Your response should contain exactly the lines running from the one with "David Lopez, General" to the end of the data below, both included, and no pictures.

▶ Information shown:
/---

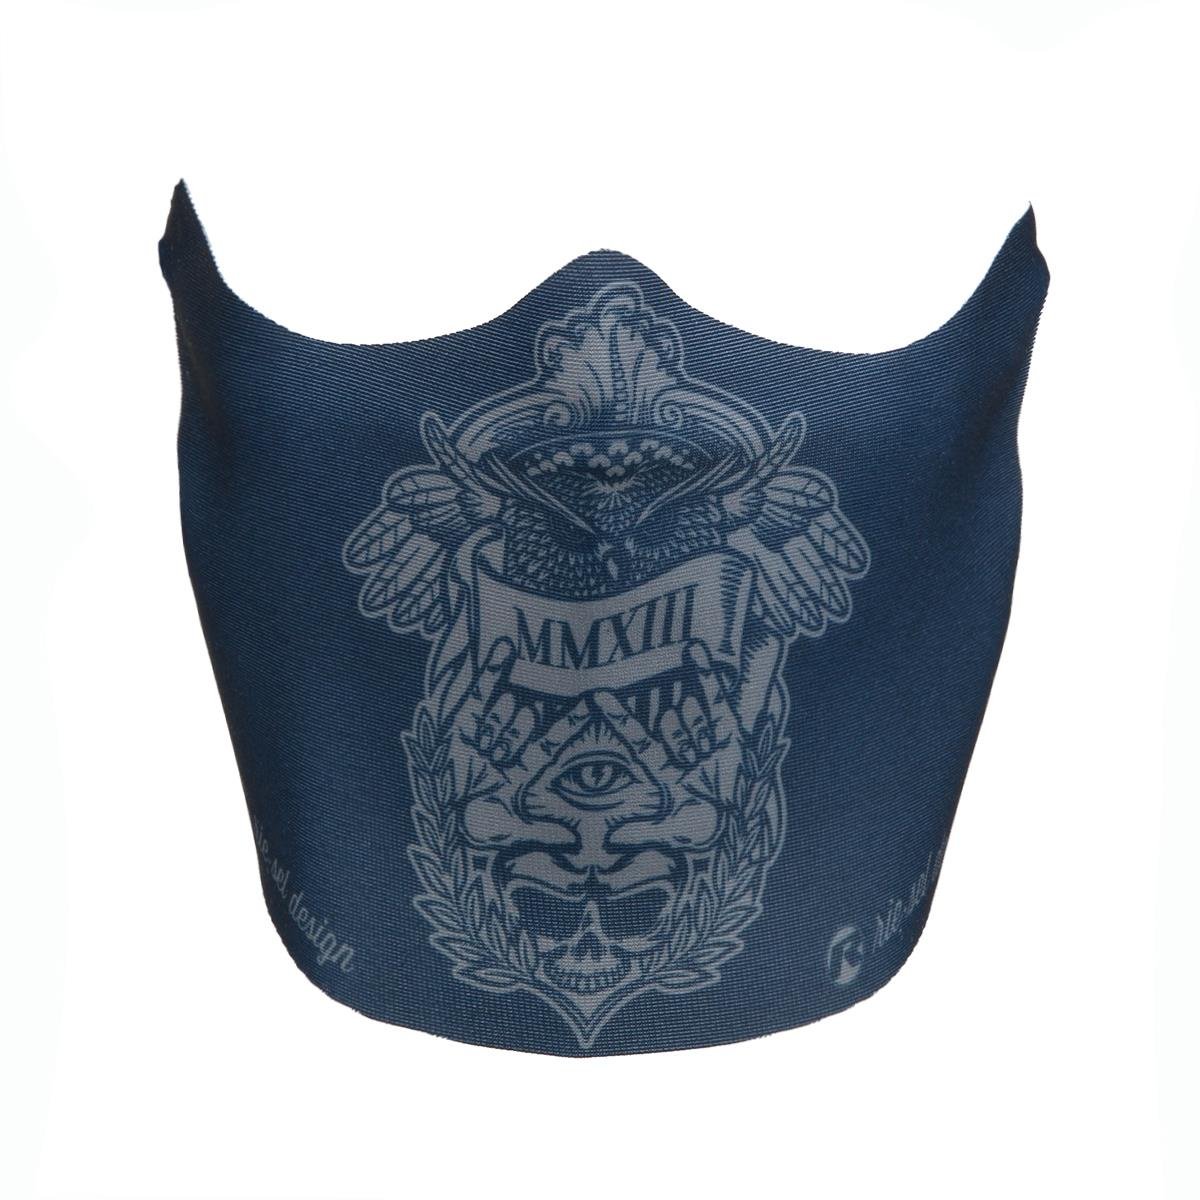 Riesel Design Masque  Illuminati Navy Blue
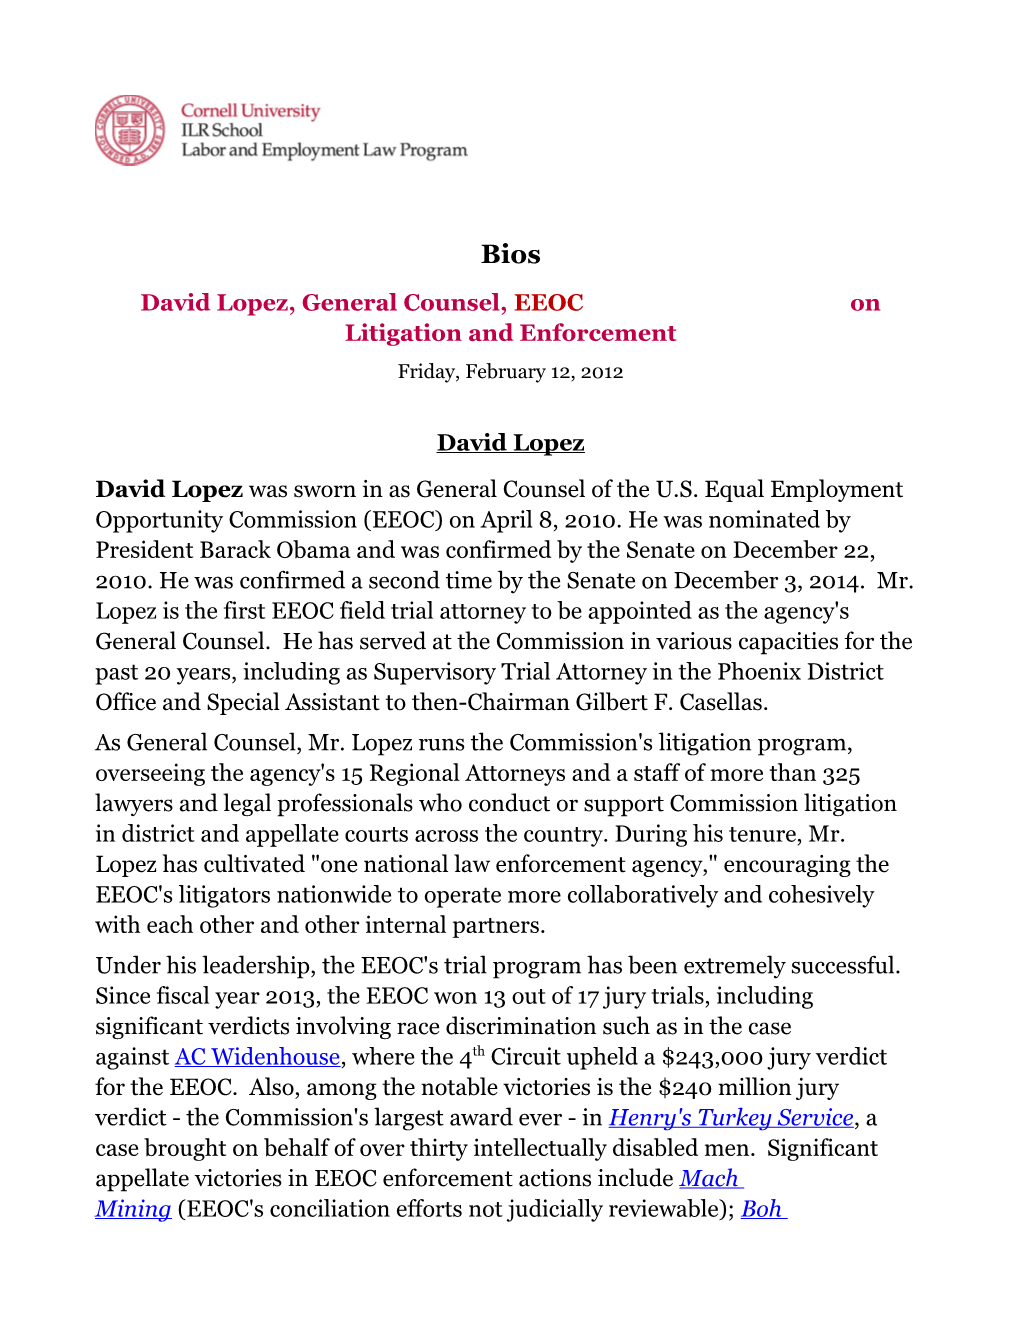 David Lopez, General Counsel, EEOC on Litigation and Enforcement
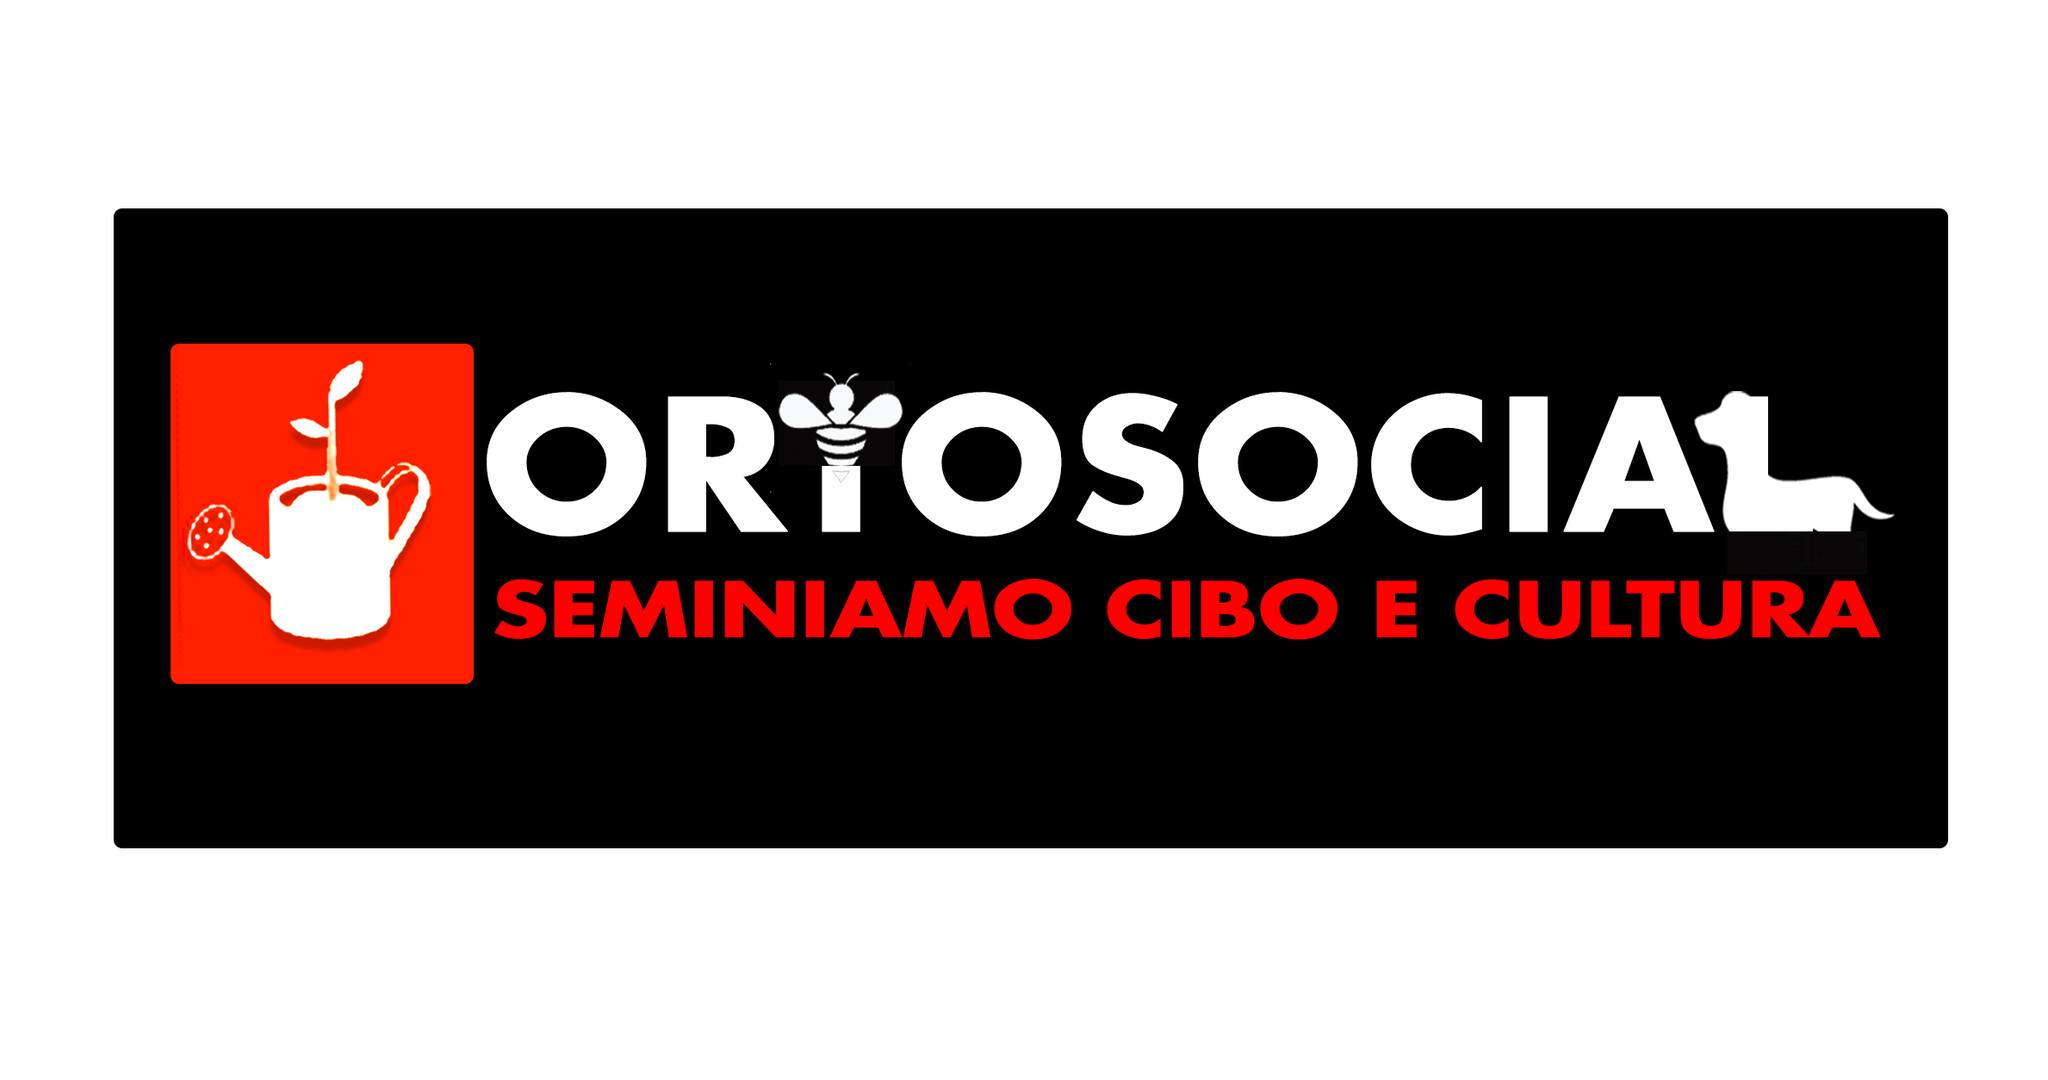 OrtoSocial
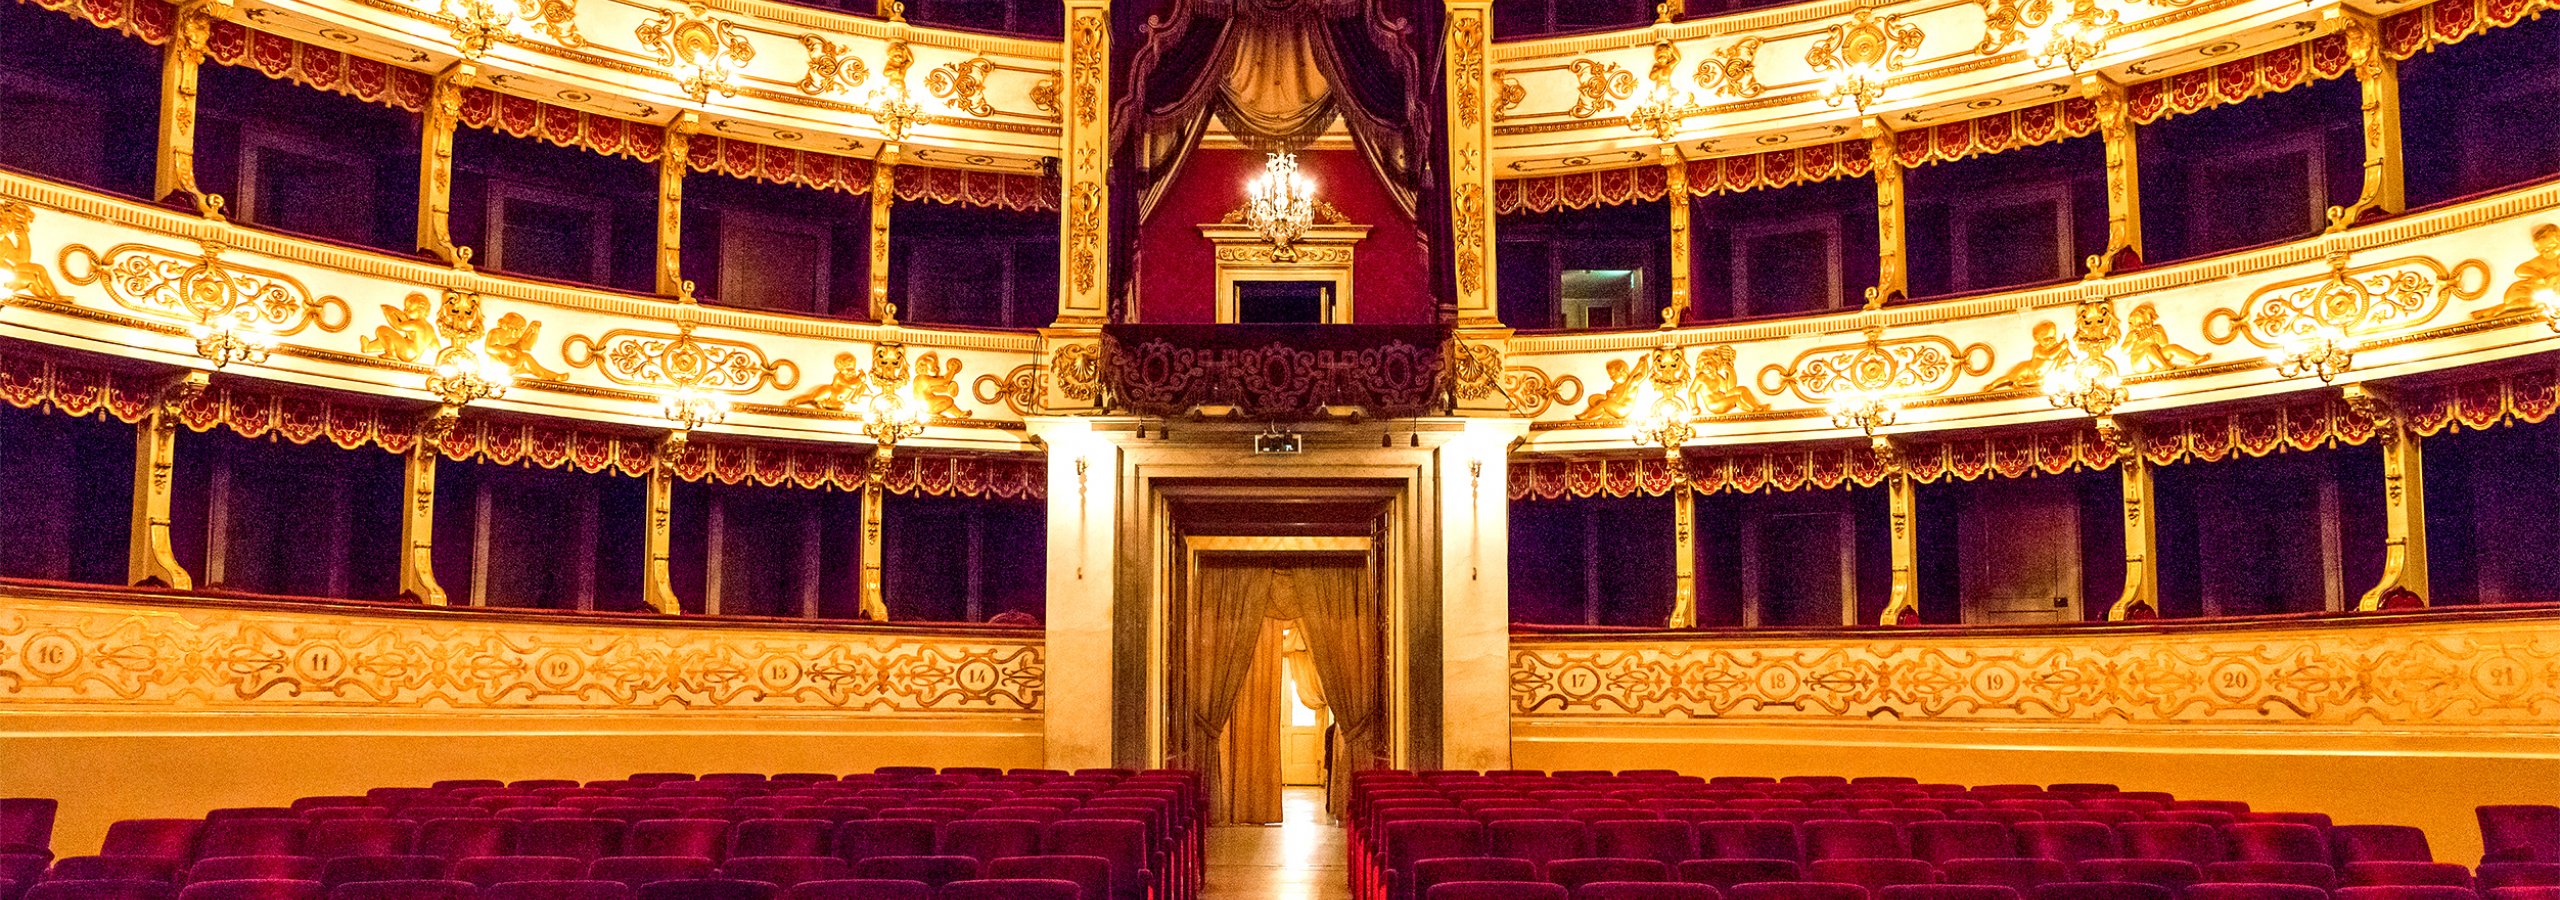 Parma Theatre smaller2

\---

▶ Response to this task:
 David Lopez, General Counsel, EEOC on Litigation and Enforcement
 OrtoSocial
 Parma Theatre smaller2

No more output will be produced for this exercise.